Возразить Марина не успела. Набежали дети и стали хвастаться игрушками. Сын держал в руках машинки — и сразу две, а Маша — куклу в подвенечном платье. Пришлось Марине похвалить подарки, сказать им, что игрушки замечательные. Довольные ребята убежали, а супруга упрекнула Николая:
— Зачем им сразу все отдал? По одной бы лучше было. Теперь все разбросают.
— Пускай, — Несвицкий улыбнулся. — Зато какое счастье детям! Сама же видела.
— Ох, Коля! — Марина обняла супруга и прижалась щекой к его щеке. — Так по тебе скучали! А ты не ехал…
— Дела не отпускали, — сообщил Несвицкий. — Там тысячи больных, и без меня они б не выжили. Сама же врач, прекрасно понимаешь.
— Ты, значит, просто их лечил? — Марина отстранилась. — А кто мосты взрывал, сбивал там вертолеты?
— Не я.
— Не ври! Сама в газетах прочитала.
— Нашла кому поверить — журналюгам. Они соврут — недорого возьмут.
— Коля!
— Нет, честно, — он делано обиделся. — Сидел в больнице, чаровал раствор и плазму и никого не трогал.
Она насупилась.
— Марина, Николай, — к ним подошла Антонина Серафимовна. — Попейте чаю. Возьмите бутерброды, сладости.
— Вот это правильно, — одобрил Николай. — Есть хочешь, дорогая? А я проголодался.
— Ладно, — Марина сбросила манто на руки няни. — Ну, чай так чай.
Няня увела детей, оставив их одних.

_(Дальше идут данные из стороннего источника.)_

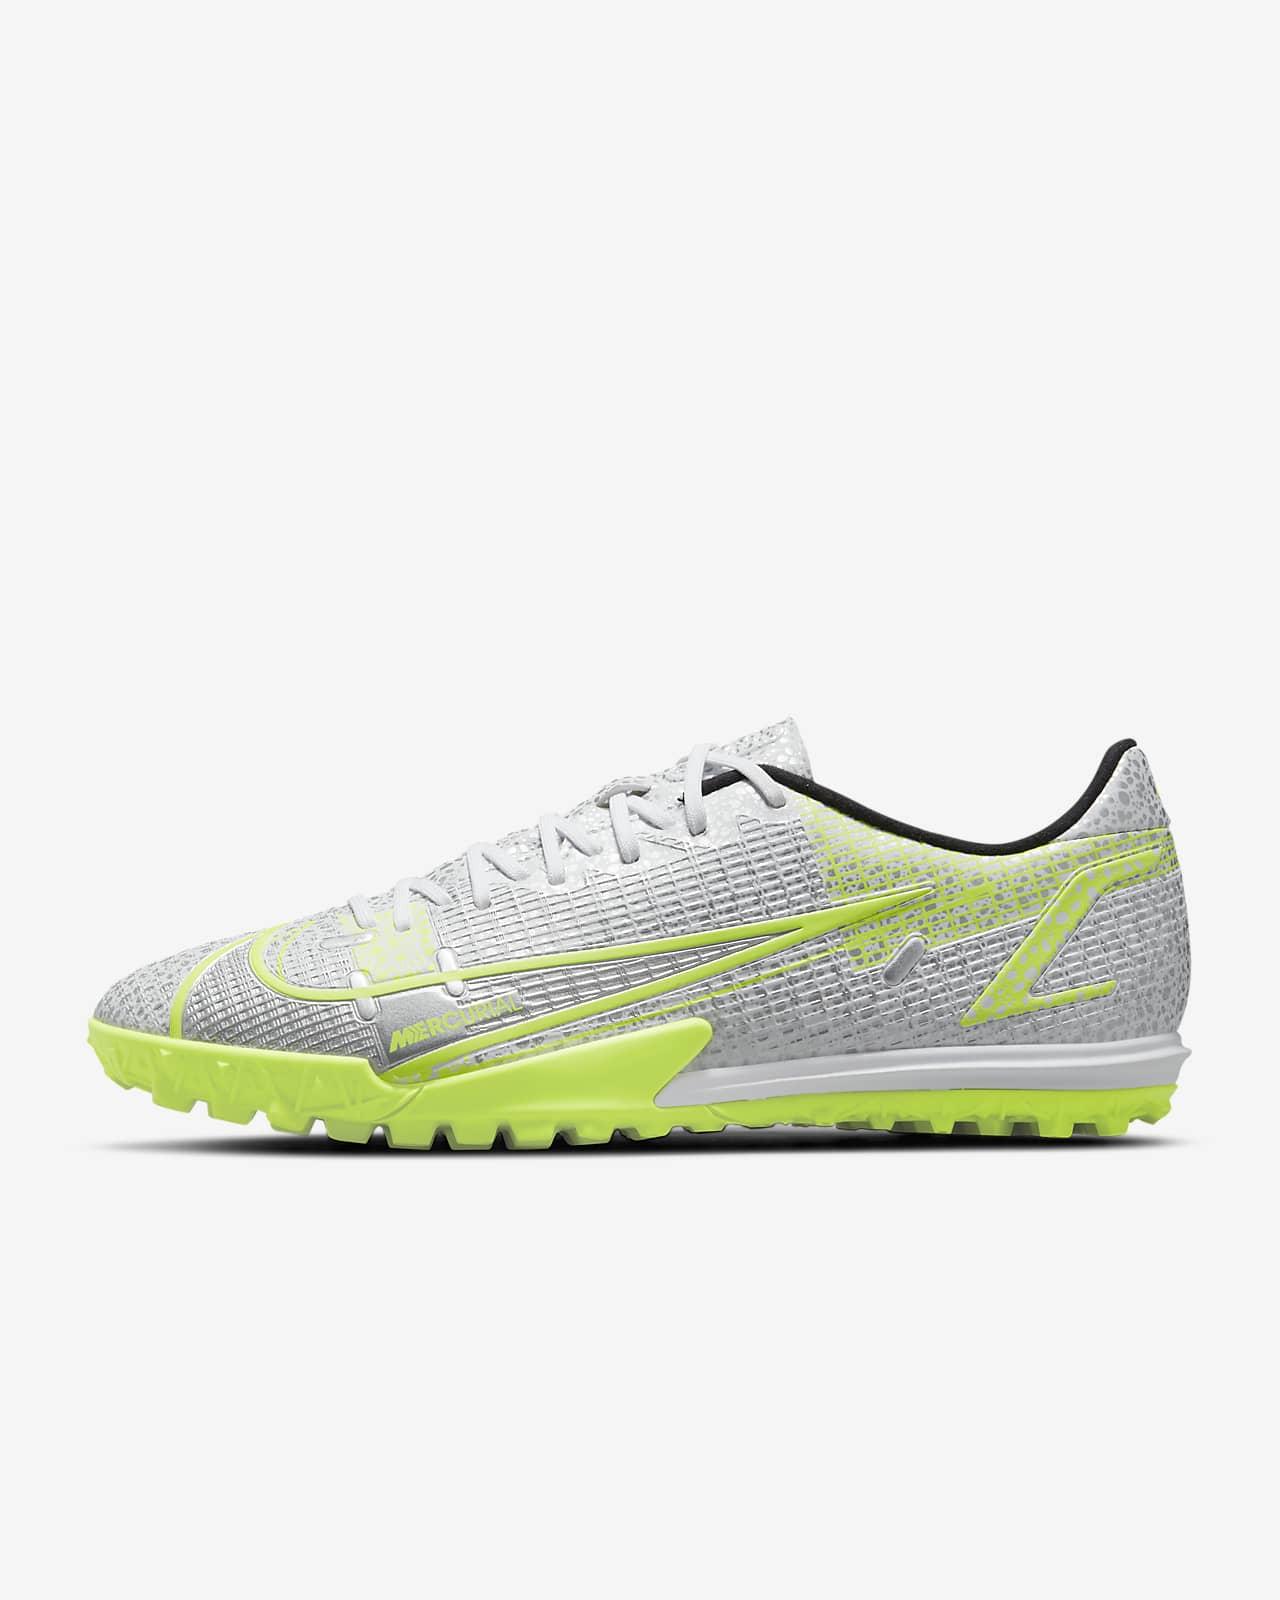 Nike Mercurial Vapor 14 Academy TF Turf Football Shoe
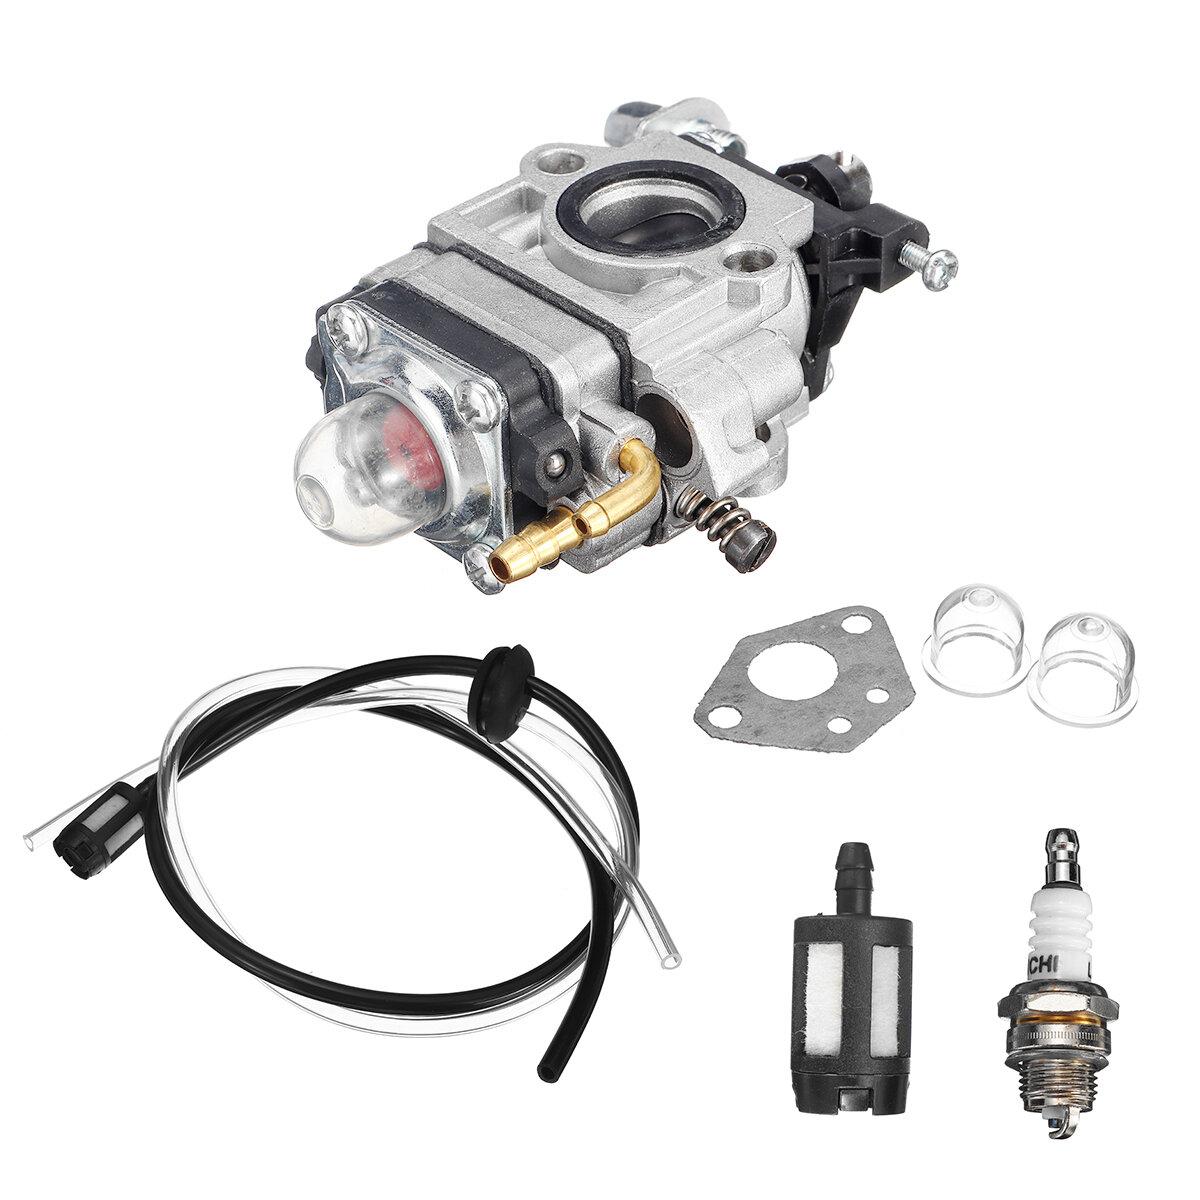 hight resolution of 43cc 47cc 49cc carb carburetor for 2 stroke engine scooter dirt pocket bike cod

Едва присели, как из-под дивана вылез Барсик и, подбежав к столу, требовательно мявкнул.
— Сначала тапочек отдай, — сказал ему Несвицкий. — Грабитель…
Кот призадумался, затем метнулся под диван и возвратился с тапочком в зубах, положил его у ножек стула Николая.
— Вот это правильно. Держи.
Несвицкий сунул ему ломтик ветчины. Кот взял его зубами и гордо удалился под диван.
— Что это было? — фыркнула Марина.
— Да тапочек стащил, котяра. Для Миши приобрел на сдачу.
— Он снова украдет, — Марина засмеялась. — Кот обожает меховые вещи.
— Лишу обеда.
— М-мяу! — возмущенно раздалось от дивана.
— Поговори мне! — пригрозил Несвицкий.
— Пей чай, — Марина прыснула. — Раз ты голодный…
Пока муж занимался бутербродами, супруга не сводила с него глаз.
— А ты помолодел, — заметила, когда тарелка опустела. — Ожог с пропал с лица. Борис мне говорил, что там у вас курорт, а я не верила. Считала, что это командировка в ад.
— Борис не врет, — Николай отпил из чашки. — Чистейший горный воздух, отличная еда и дружественное население.
— Добавь: смертельный вирус и война.
— Ну, с этим справились, — он махнул рукой. — Рассказывай: что тут у вас?
— Да ничего особенного, — Марина развела руками. — Вот разве что… К нам цесаревна приходила. Сказала, что по возвращению поступишь к ней на службу.
— С чего бы это? — хмыкнул Николай. — Вот прямо разбежался!
— Объяснила: республика войдет в состав империи, и ее граждане получат подданство Варягии, мы с тобою в том числе. А в империи волхвы обязаны служить там, где им прикажут.
— Я откажусь от подданства империи.
— А, что, так можно? — Марина удивилась. — И кто ты будешь?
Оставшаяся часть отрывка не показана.